Копать было легко — земля, хотя и утоптанная, оказалась податливой, преобладал песок, без корней, затем попались влажный гравий, несколько крупных камней. Обычная ночная работа, за которую платят дороже. И еще подумалось, что для самой смерти не бывает тайн, она знает все; это живые, уже позднее, когда безносая отправляется со своей косой за другими, окутывают ее тайнами и домыслами. Но ведь и я заплатил недешево: отчаянно бьющимся сердцем, обострившимся слухом, хотя и не клад искал... «Осквернитель праха!» Один, ночью, тайком...

Я стоял в яме уже почти по пояс, когда лопатка со скрежетом царапнула по металлу - здесь! Вруша эта Ютока - да если бы они углубились на полтора метра, я бы вконец умаялся. Здесь метр с хвостиком, не больше. Я выбрался из ямы, заполз под можжевельник и, прикрыв огонек ладонью, покурил. Сейчас, Туула, сейчас, потерпи немножко, и пойдем домой. В лесу ни звука. Я осторожно огляделся вокруг - было бы обидно, если бы меня спугнул какой-нибудь лось или кабан... Нет, тихо, как на кладбище. Stille Nacht, heilige Nacht! — хоть и не Рождество на дворе. Все, гашу окурок. Сейчас мы эту штуку вытащим... вот так. Крышка прикручена плоскогубцами, проволока проржаветь успела, крак! Теперь остается отломить этот ржавый... как его, клапан? Пусть будет клапан. Это мы запросто. Где же мой фонарик?

Горстка пепла... золы... угольков. Туула! Как бы не просыпать хоть крошку тебя! Взмокла ты, Туула, я ведь чувствую, промокла... ну да ладно. Вот эту серенькую косточку мы туда, в мешочек... и эту тоже... Вот так. Все, теперь уже окончательно все. Осторожно подношу к яме и другой, предусмотрительно принесенный ненастоящий пепел - ссыпаю его в киношную коробку, скручиваю проржавевшую проволоку: бряк! Осталось закопать, уже не тебя, Туула, а самую обыкновенную золу из моего костра - может зря? Они даже не удосужились вложить жетон, зато я оставил в коробке пластину, медную, с надписью: «Здесь покоится Туула, Бог знает ее подлинное имя...»
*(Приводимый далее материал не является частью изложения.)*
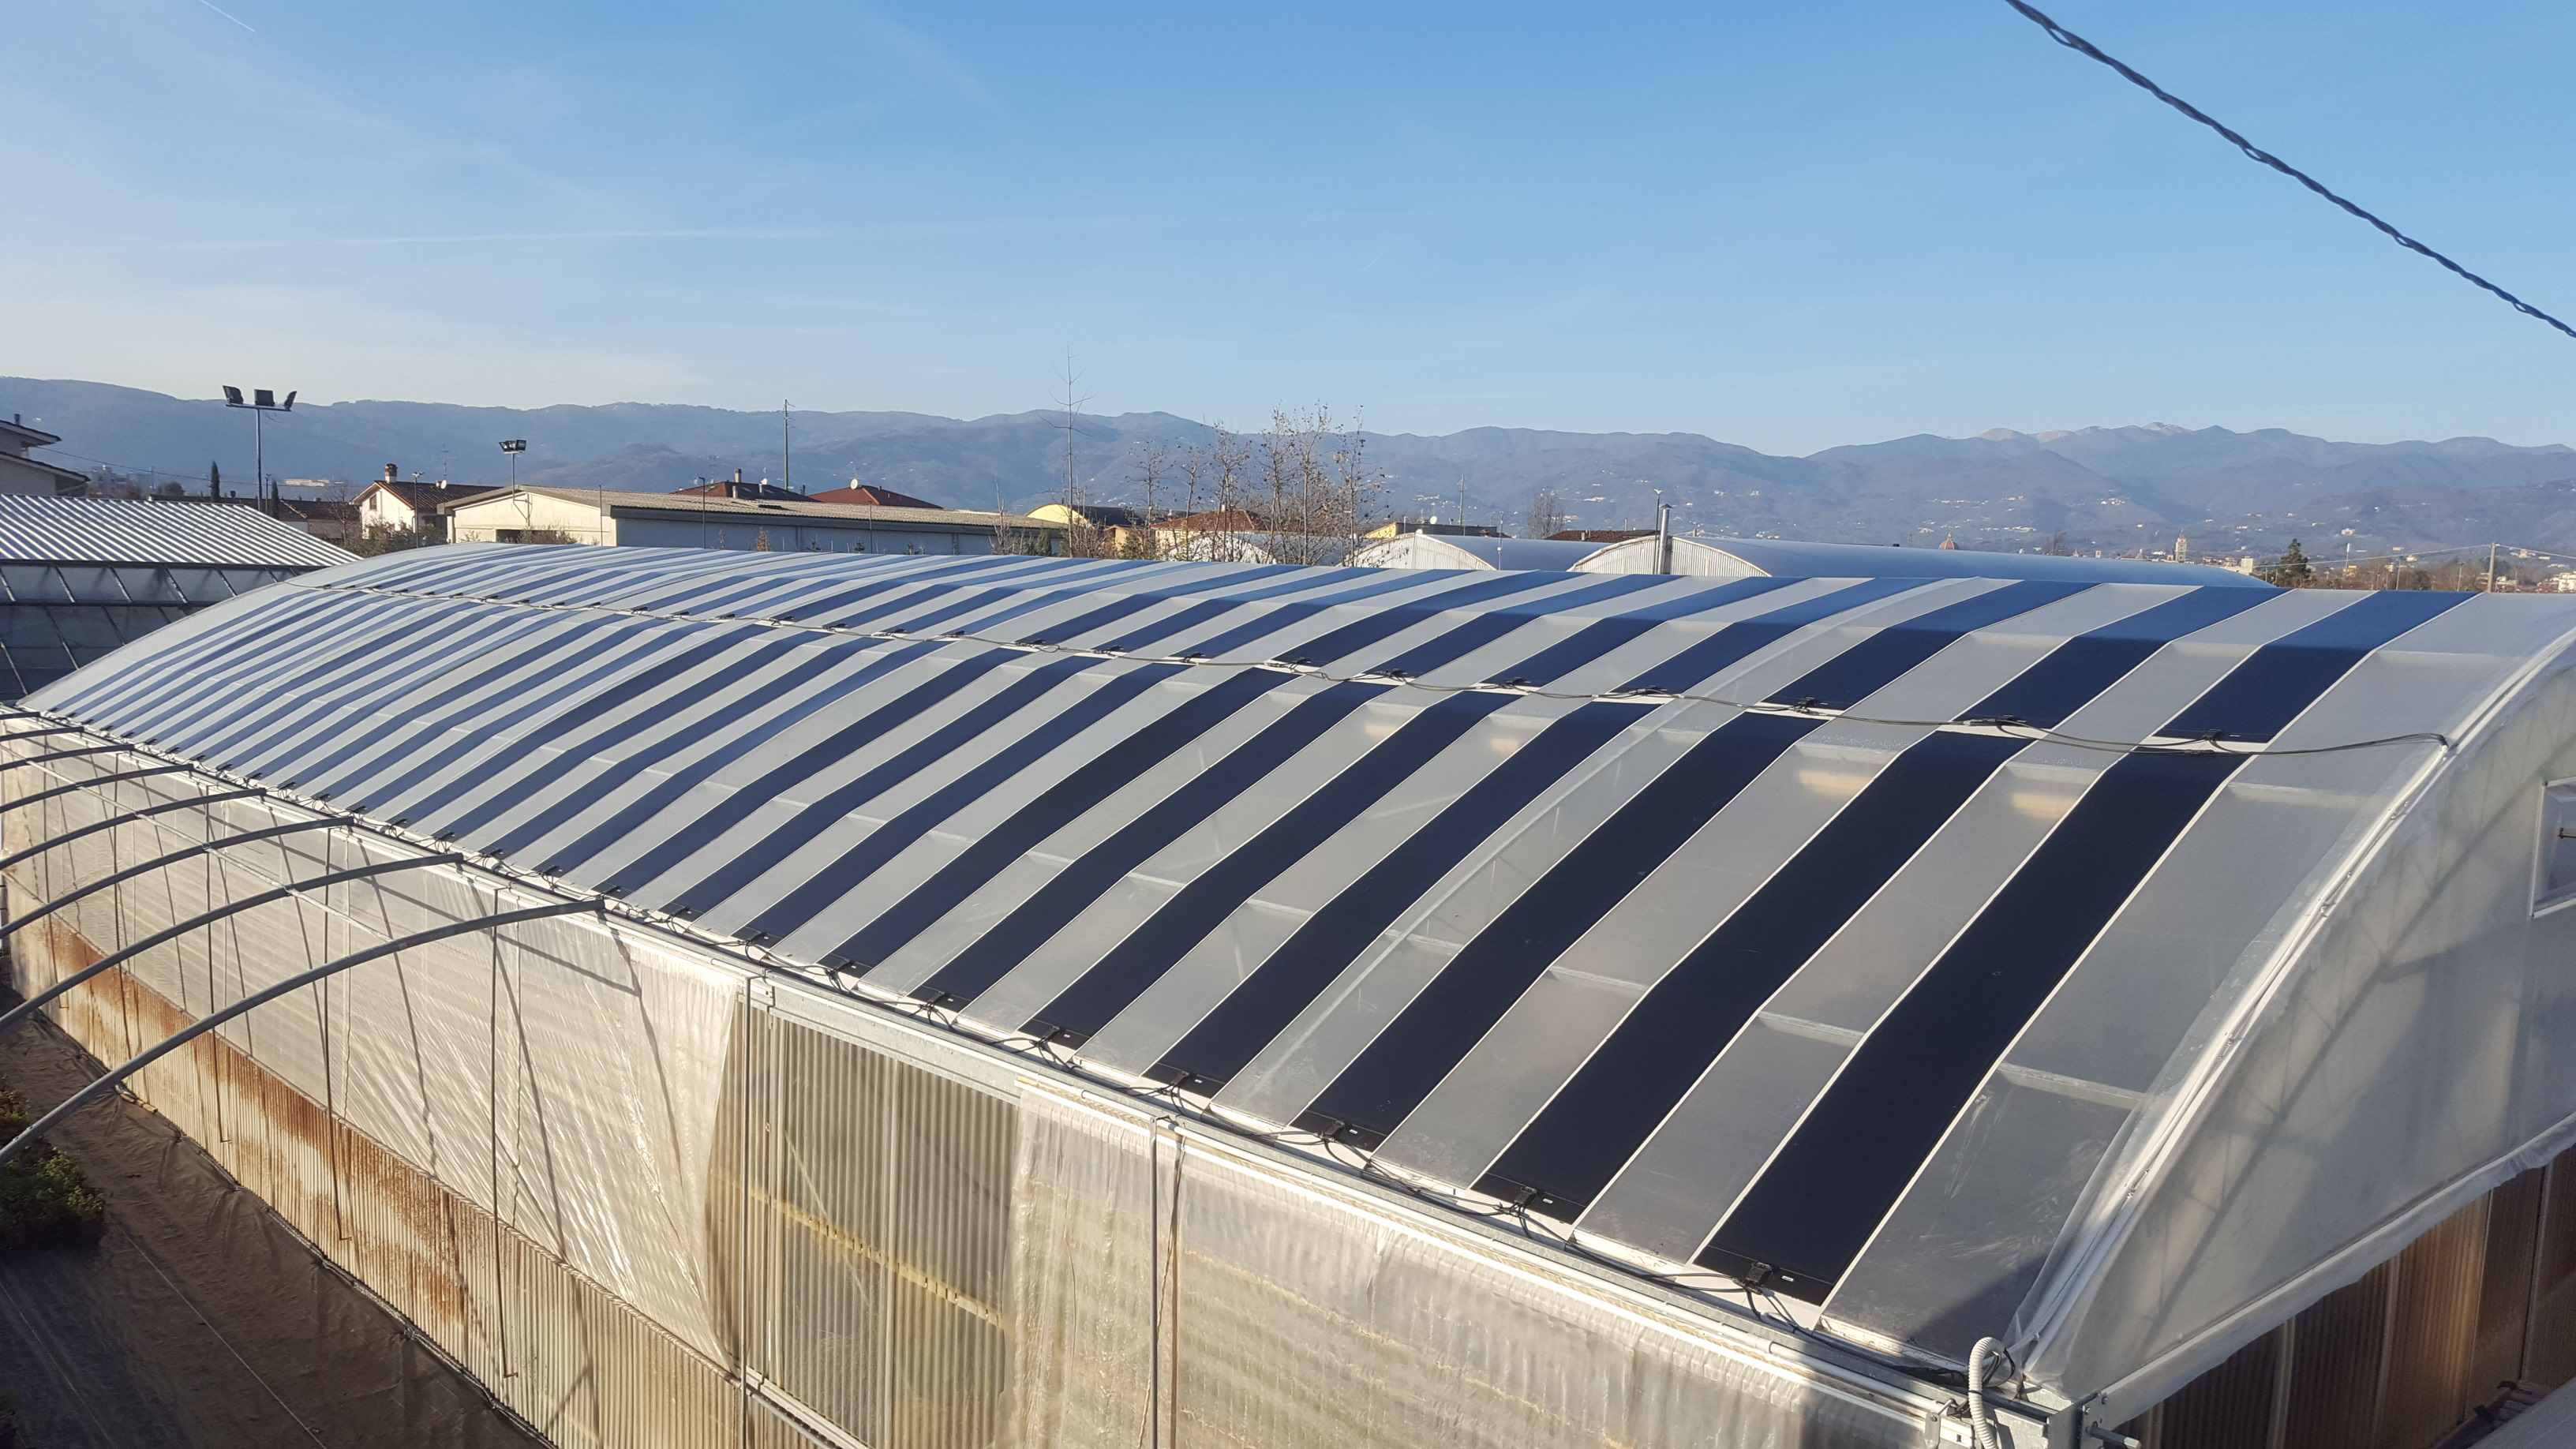 Flisom's lightweight, jet black and ultra-thin, flexible solar panels

Летом ночи такие светлые... Пока я приводил все в порядок, заравнивал, притаптывал, рассвело, хотя до настоящего утра было еще далеко. Нет, по берегу не пойду, речка такая извилистая, знай поди, когда еще до станции доберешься. Отправлюсь-ка я лучше той же проселочной дорогой.

На прощание я бросил взгляд на валун возле можжевельника, под которым покоилась ты, Туула: разумеется, и слепой увидит, что земля в этом месте потревожена, но кому какое до этого дело! Впереди осень, зима, а весной, когда сойдет снег, никакой следопыт ничего не учует. Пошли, Туула! Прости, что смутил твой покой... нам пора... Одно удовольствие шагать ночью - налегке, ноги после отдыха сами поспешают, дорога знакомая. И пусть к подошвам прилипает мокрый прибрежный песок, это всё мелочи...
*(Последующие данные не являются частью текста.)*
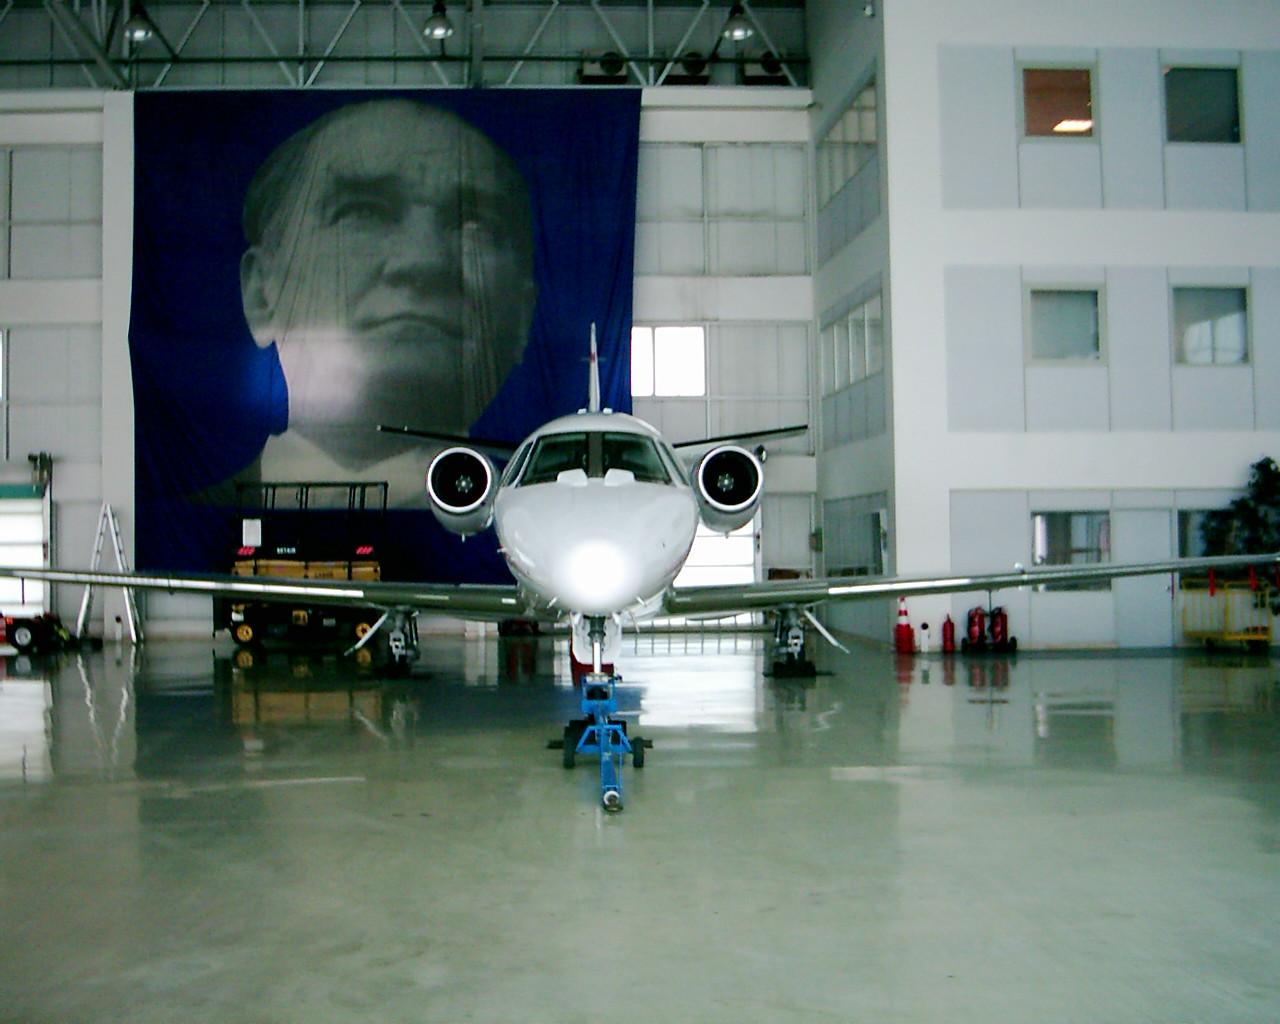 Inchirieri avion privat - Inchiriere jet privat

Стреляют!.. Далеко, может быть даже в нескольких километрах отсюда, но я отчетливо слышу: стреляют! Разве летом на кабана охотятся? Или местным жителям мяса не хватает? Что-то уж больно похоже на очередь... А мне-то какое дело? К тому же стреляют далеко, а сейчас выстрелы и совсем смолкли. Та-та-та-та-а! — раздается еще раз. Потом другой. Ну, конечно, на кабана вышли. Э-э, да это же автоматная очередь! Короткая автоматная очередь!.. И чего только в голову не взбредет, когда остаешься в лесу один. Почему-то вспоминается прошлое — «лесные братья»... Но ведь здесь, конечно же, не они. И все-таки прямо поджилки трясутся... Как ты там, Туула, в рюкзаке? Молчит. Ага, вон и ракета! Зеленая. Маневры. Военные учения. Высадка десанта в «лесистой местности», выполнение боевой задачи - «прорваться» к железной дороге и занять станцию N... удержать ее до... до моего прихода вместе с тобой?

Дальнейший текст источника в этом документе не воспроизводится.